[Data block]
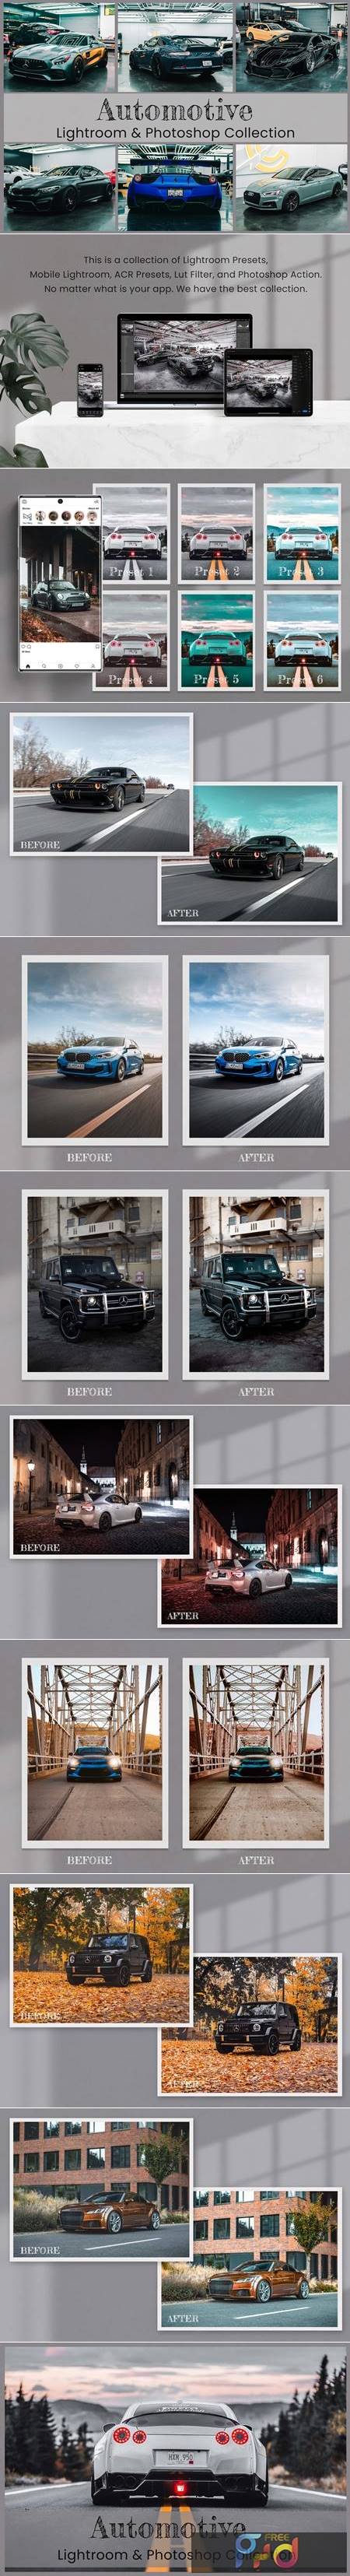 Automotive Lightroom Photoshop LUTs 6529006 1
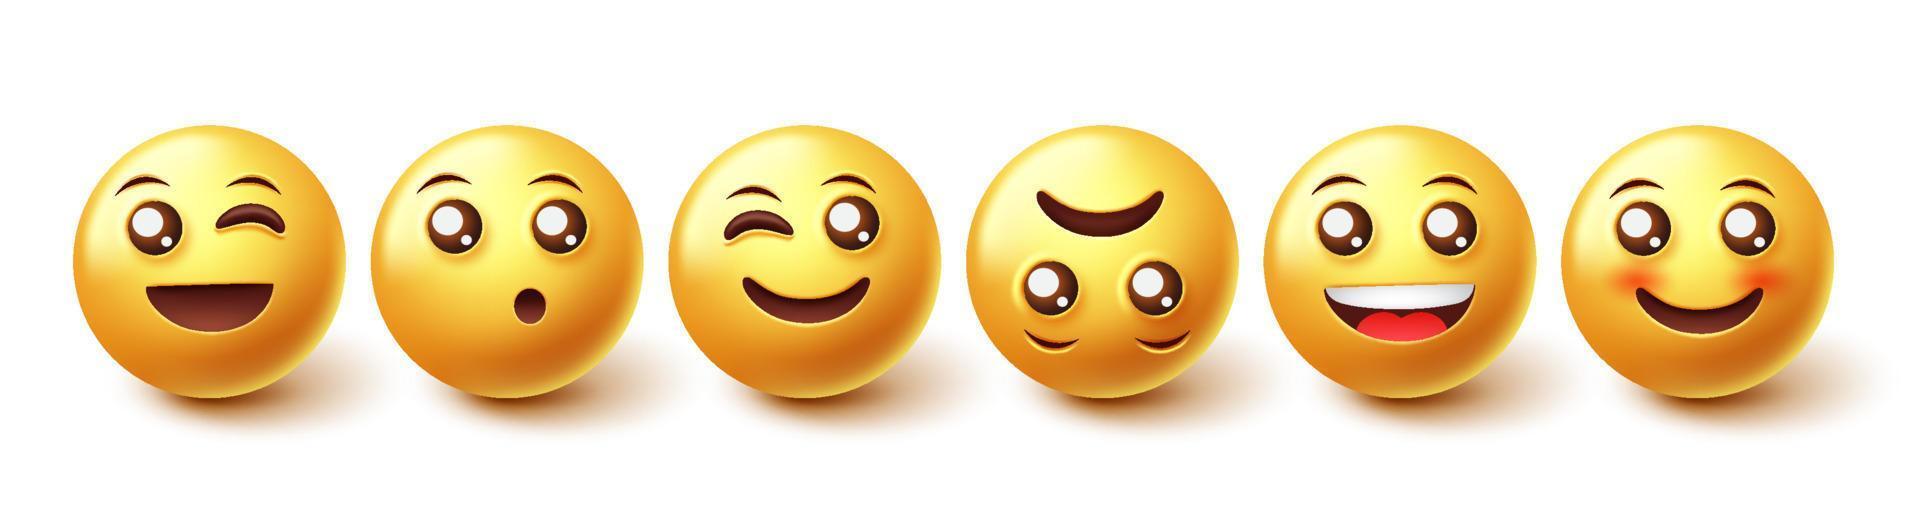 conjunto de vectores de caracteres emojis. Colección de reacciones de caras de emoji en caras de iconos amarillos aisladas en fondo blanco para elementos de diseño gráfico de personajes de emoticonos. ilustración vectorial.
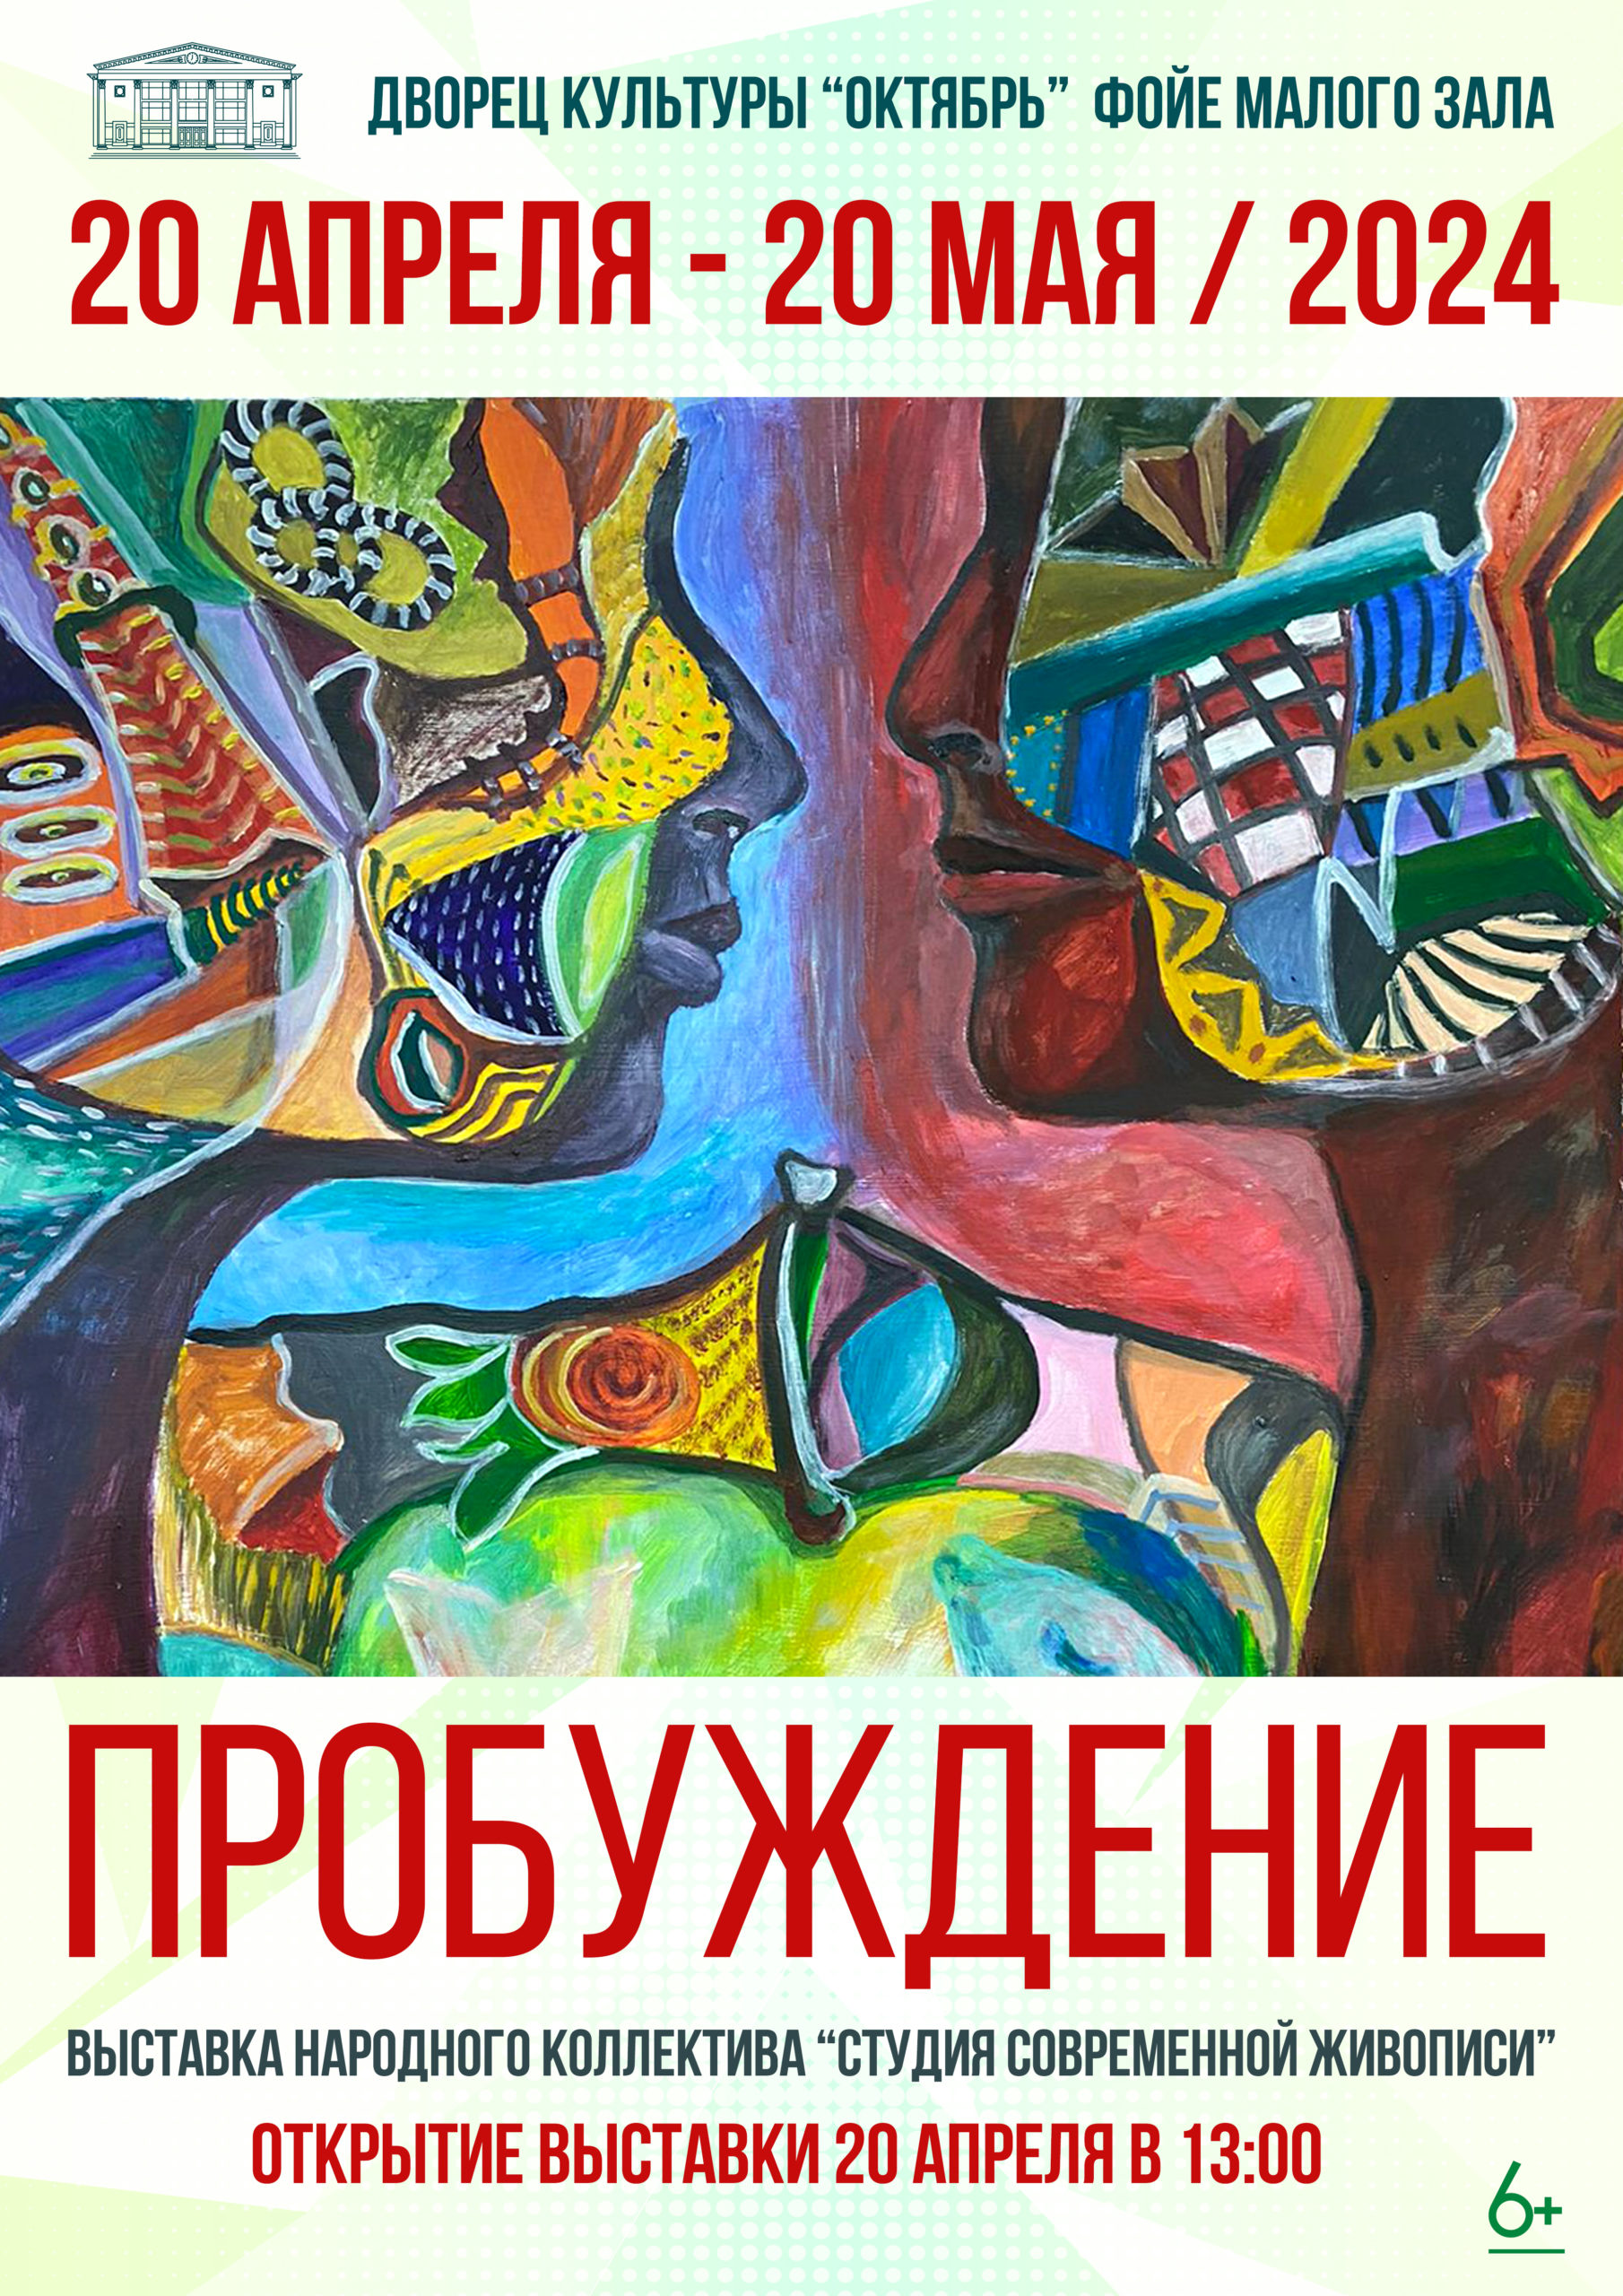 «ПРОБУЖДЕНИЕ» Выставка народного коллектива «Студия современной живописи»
[/Data block]
Problem requirements: What you write must match, line for line, the lines from the one with "conjunto de vectores" through the last line of the data above, minus the pictures.

Answer box:
 conjunto de vectores de caracteres emojis. Colección de reacciones de caras de emoji en caras de iconos amarillos aisladas en fondo blanco para elementos de diseño gráfico de personajes de emoticonos. ilustración vectorial.
 «ПРОБУЖДЕНИЕ» Выставка народного коллектива «Студия современной живописи»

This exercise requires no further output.